BEGIN DATA PROVIDED
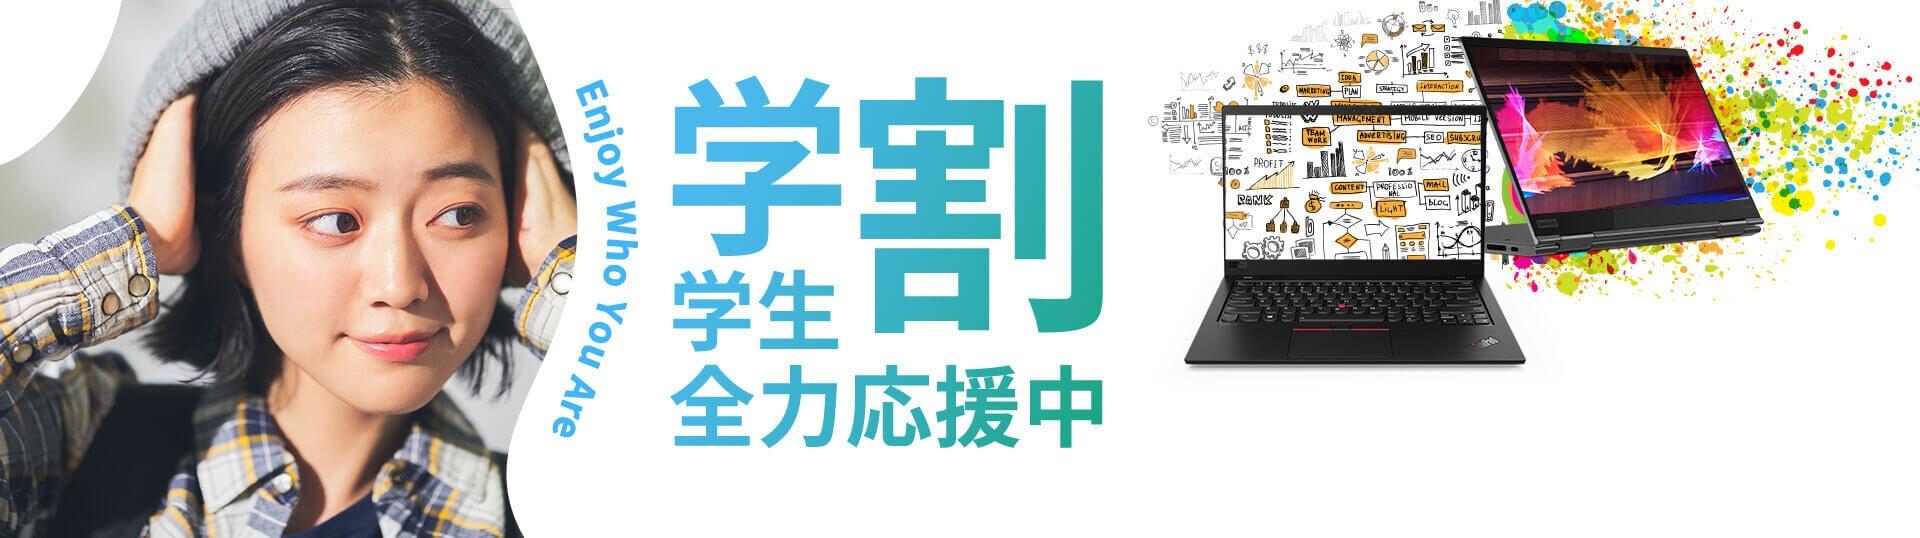 lenovo-jp-edu-hero-banner-v2-1920x538-v3-0115.jpg
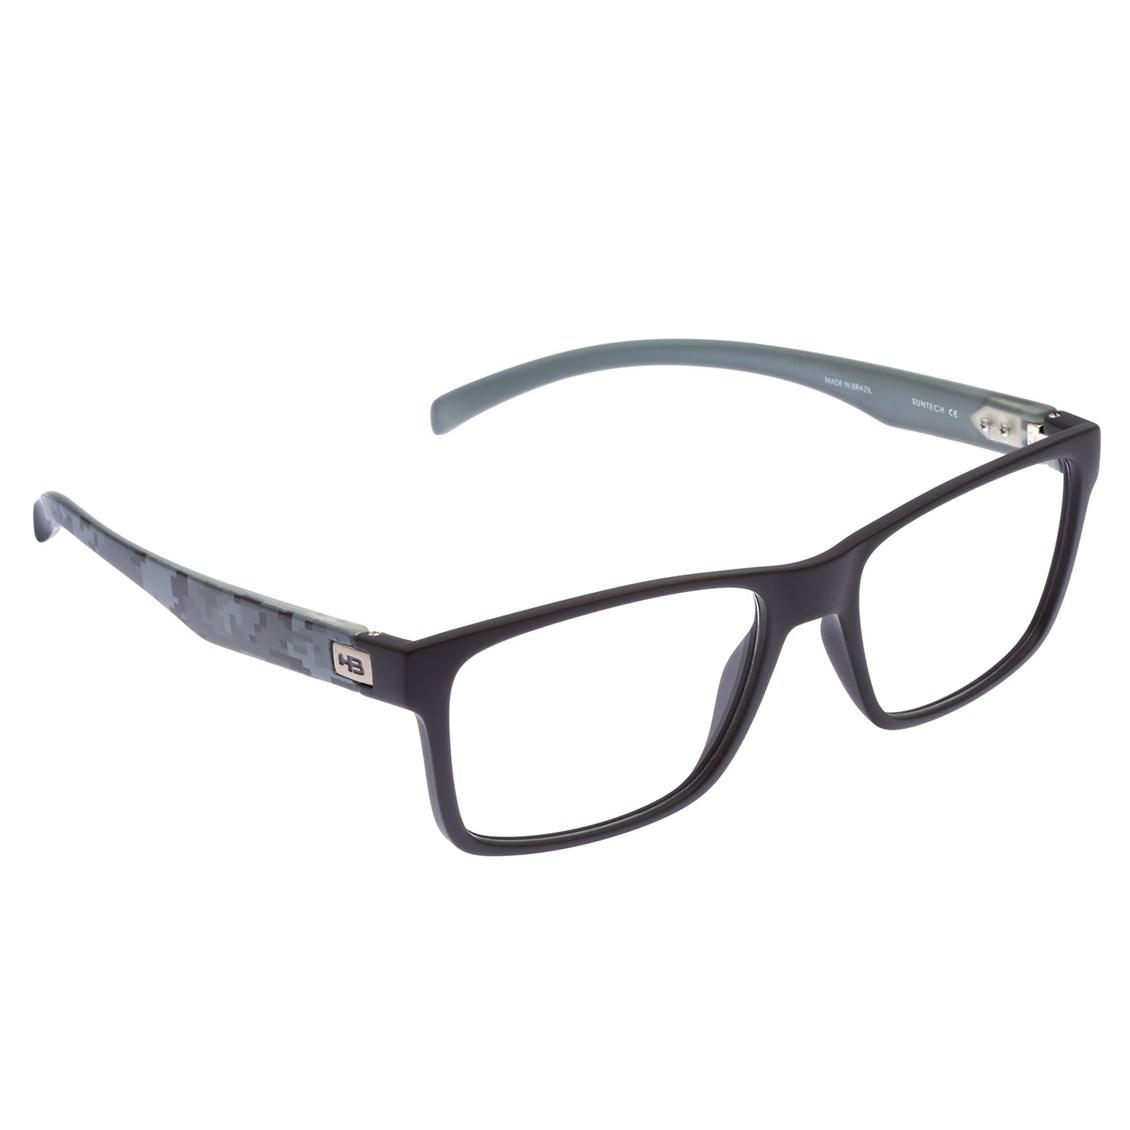 Óculos de Grau HB Polytech 93108 Matte Black Camo Demo
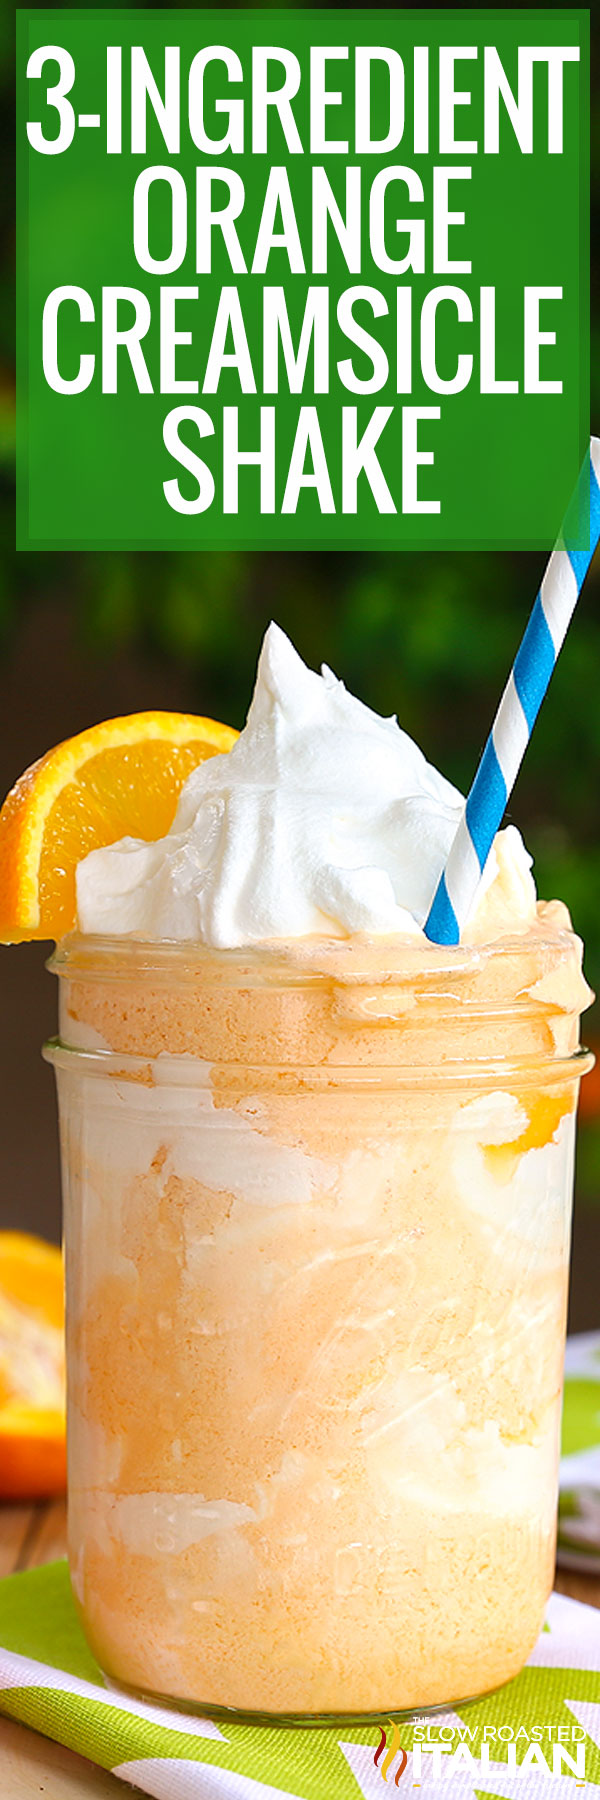 3-Ingredient Orange Creamsicle Shake close up
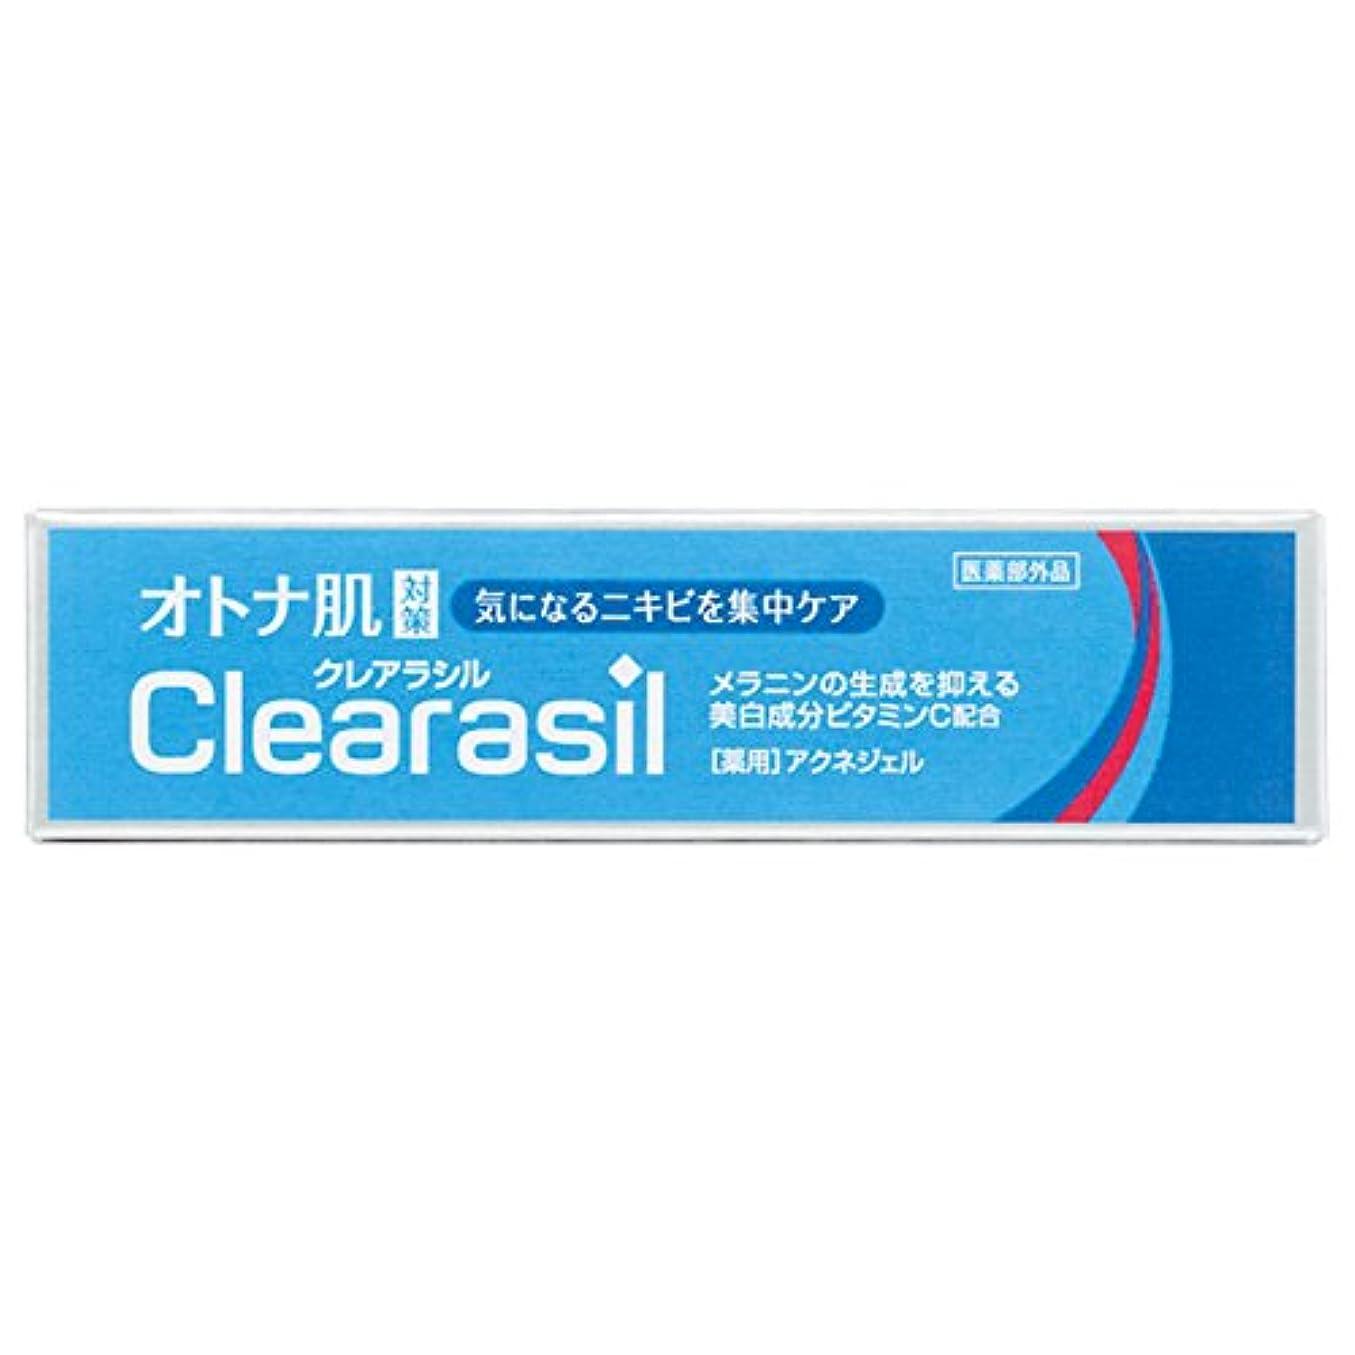 ハグ一掃するオーブン【医薬部外品】クレアラシル オトナ肌対策 14G
END DATA PROVIDED
EXERCISE GOAL: Please give back the material above exactly as written, pictures omitted.

ANSWER:
 lenovo-jp-edu-hero-banner-v2-1920x538-v3-0115.jpg
 Óculos de Grau HB Polytech 93108 Matte Black Camo Demo
 3-Ingredient Orange Creamsicle Shake close up
 ハグ一掃するオーブン【医薬部外品】クレアラシル オトナ肌対策 14G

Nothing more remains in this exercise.